#FISHING - Environmental campaigners have lambasted the IFA's claims of an "inexplicable delay" in the State's processing of licence applications for fish farms.
In a letter to The Irish Times yesterday, Tony Lowes of Friends of the Irish Environment says that the delay – to allow for proper environmental studies to be conducted – "has been explained again and again" by Minister for the Marine Simon Coveney.
He was responding to a letter last Friday by Richie Flynn of IFA Aquaculture, who highlighted the "suffering" of coastal communities as a result of processes that "hamper development and delay investment in the hundreds of companies involved in farming salmon, oysters, mussels, trout and other species".
Lowes writes in counter that salmon farming "is a highly polluting industry", and that discharge of nitrogen and phosphorous from aquaculture facilities "can fuel toxic algae blooms, which have cost the shellfish industry dear".
He claims that the proposed salmon farm in Bantry Bay in West Cork would have a nitrogen and phosphorous discharge "equivalent to the sewage of a town 10 times the size of Bantry".

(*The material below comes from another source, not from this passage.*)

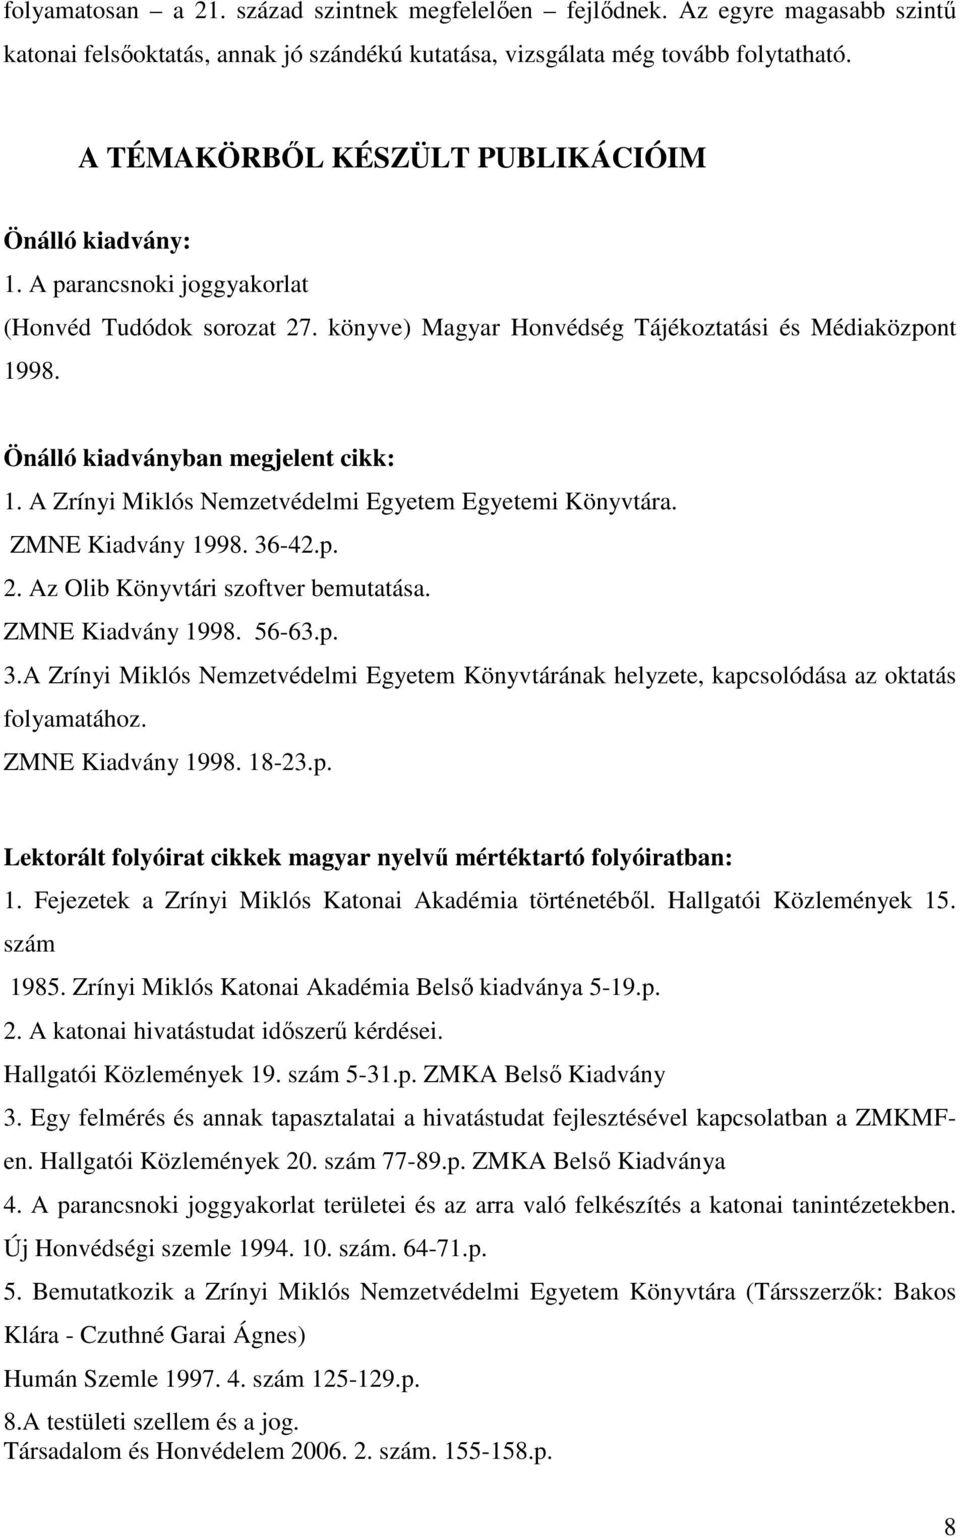 Önálló kiadványban megjelent cikk: 1. A Zrínyi Miklós Nemzetvédelmi Egyetem Egyetemi Könyvtára. ZMNE Kiadvány 1998. 36

Lowes also alleges that the deep-sea "super salmon" farm in Galway Bay - the licence application for which is undergoing statutory consultation till 2 October - would produce the equivalent effluent of a city more than double the size of Galway.
In addition, he makes reference to the threat to native salmon in Irish rivers through sea lice infestations.
"The EU habitats directive requires baseline studies and environmental impact statements," writes Lowes. "Licensees can be granted only if the project will not have adverse impacts on protected species and habitats."